Right now the facility’s workforce “stays here,” and it’s “business as usual” until the end of 2019, Mazzaroni said.
“We’re focused on keeping our plant organized and running safely,” he said.
Phil Adamson, president and site head, said Thursday that plans are to keep the workforce intact as production continues.
“Production will run until the end of 2019,” he said, and will require “a very vast” majority of employees “all the way through.”
“We do not anticipate any large adjustments before then,” he said, noting that plans are to “decommission the site” once production ceases. Similar moves are being made at the three sister plants in Europe.

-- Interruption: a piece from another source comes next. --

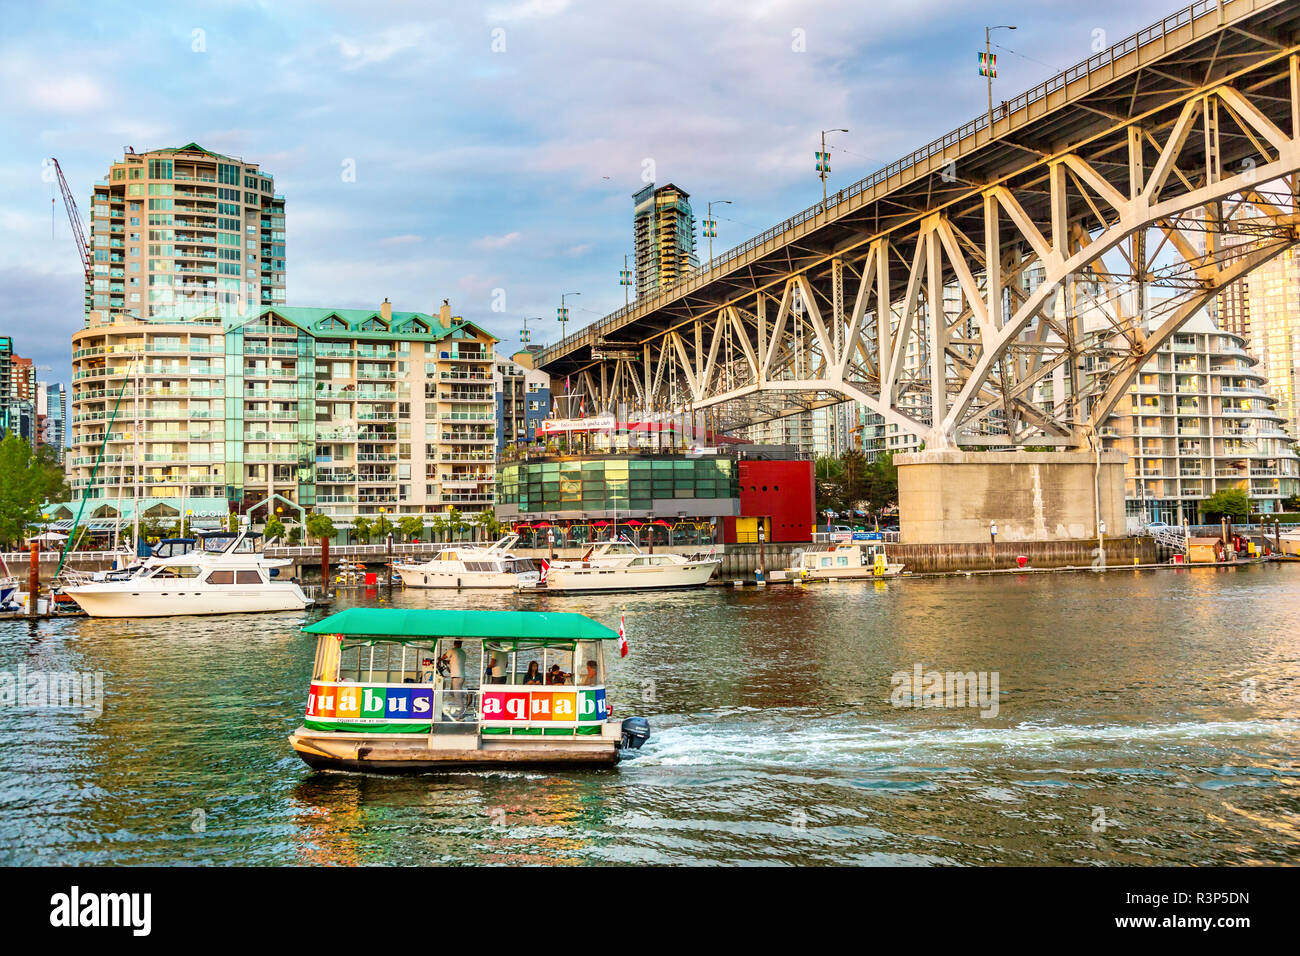 L'île Granville Bridge avec ferry, yachts et les immeubles à appartements, Vancouver, British Columbia, Canada Banque D'Images
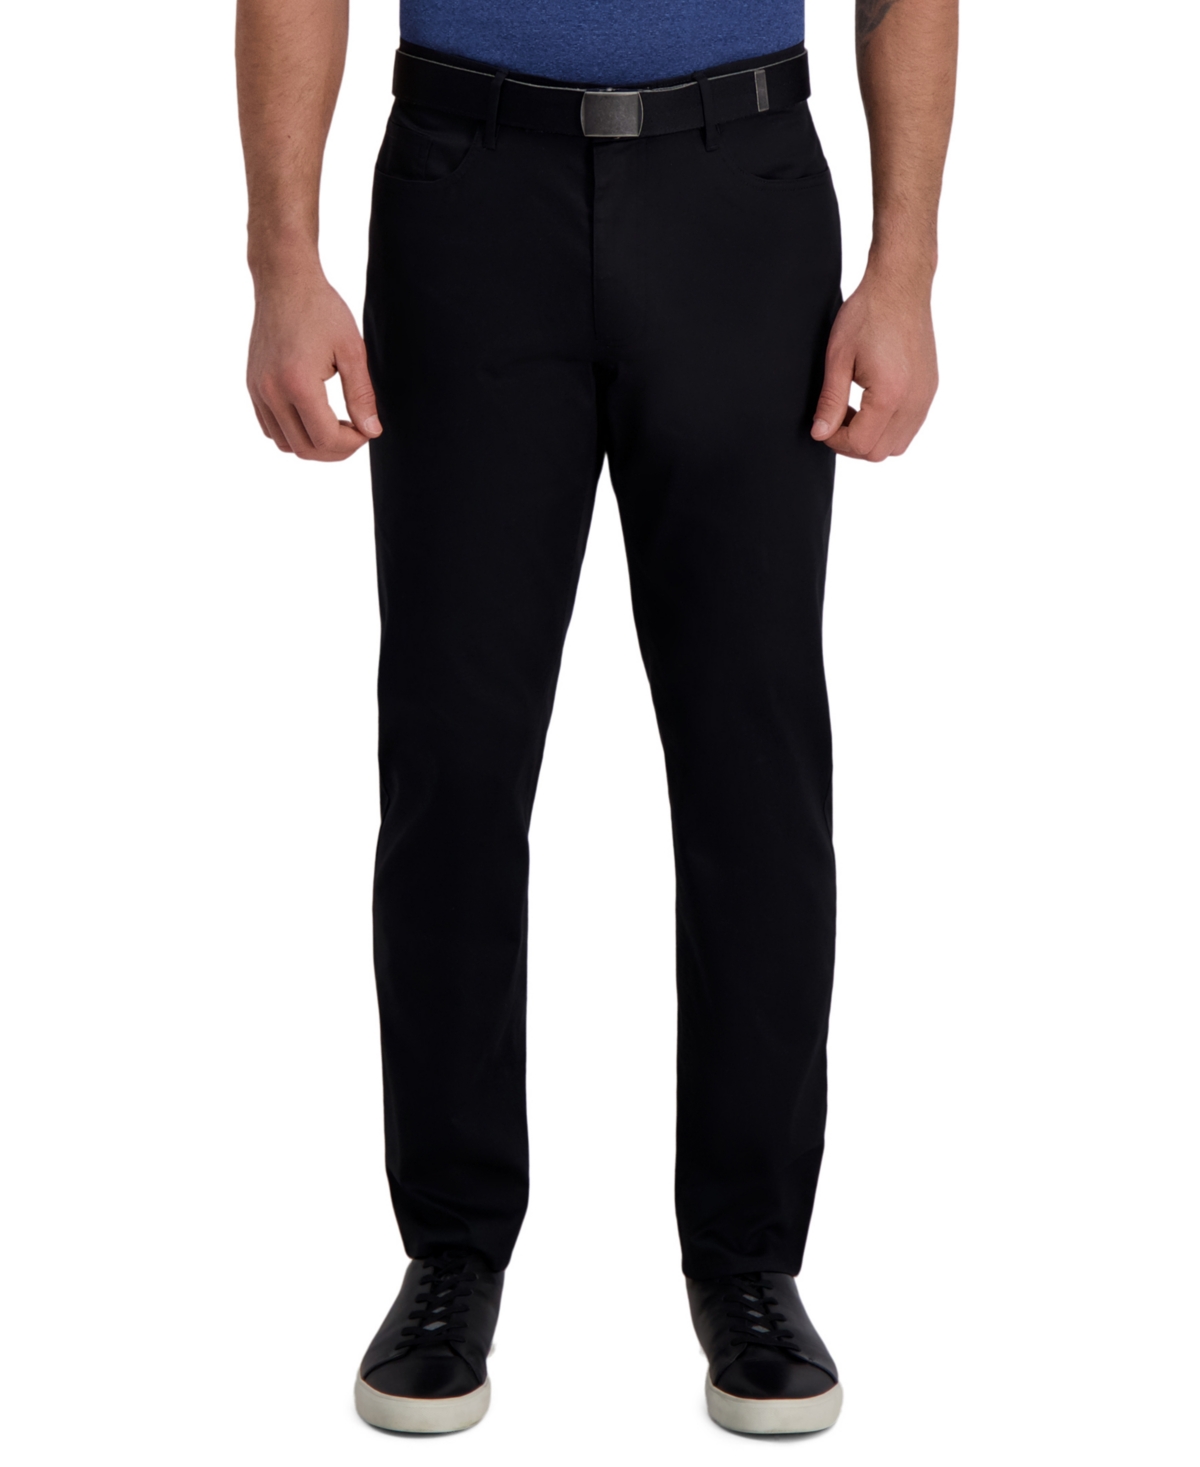 Men's The Active Series City Flex Traveler Slim-Fit Dress Pants - Black

Employees were updated Thursday on the timeline to provide clarity and offer the “positive news” that production will go on, he said.
While a reputable buyer is still being sought, “our past history,” and “the most recent due diligence” shows “the probability is unlikely,” he said.
“Obviously we remain practical and open” to a sale of the plant, he said.
Florence County Economic Development Partnership executive director Joe W. King saidThursday he still feels good “that we and Roche will find a buyer” before the plant closes.
“I just don’t see them shuttering that nice facility,” he said. “But sometimes corporate mentality is totally different from the way I think.”
Records show the company owns two primary properties: 6173 and 6175 Old Marion Highway. All told, the property and facility are worth at least $3.6 million, excluding equipment, and span 884 acres.
“We still have time to find somebody,” King added.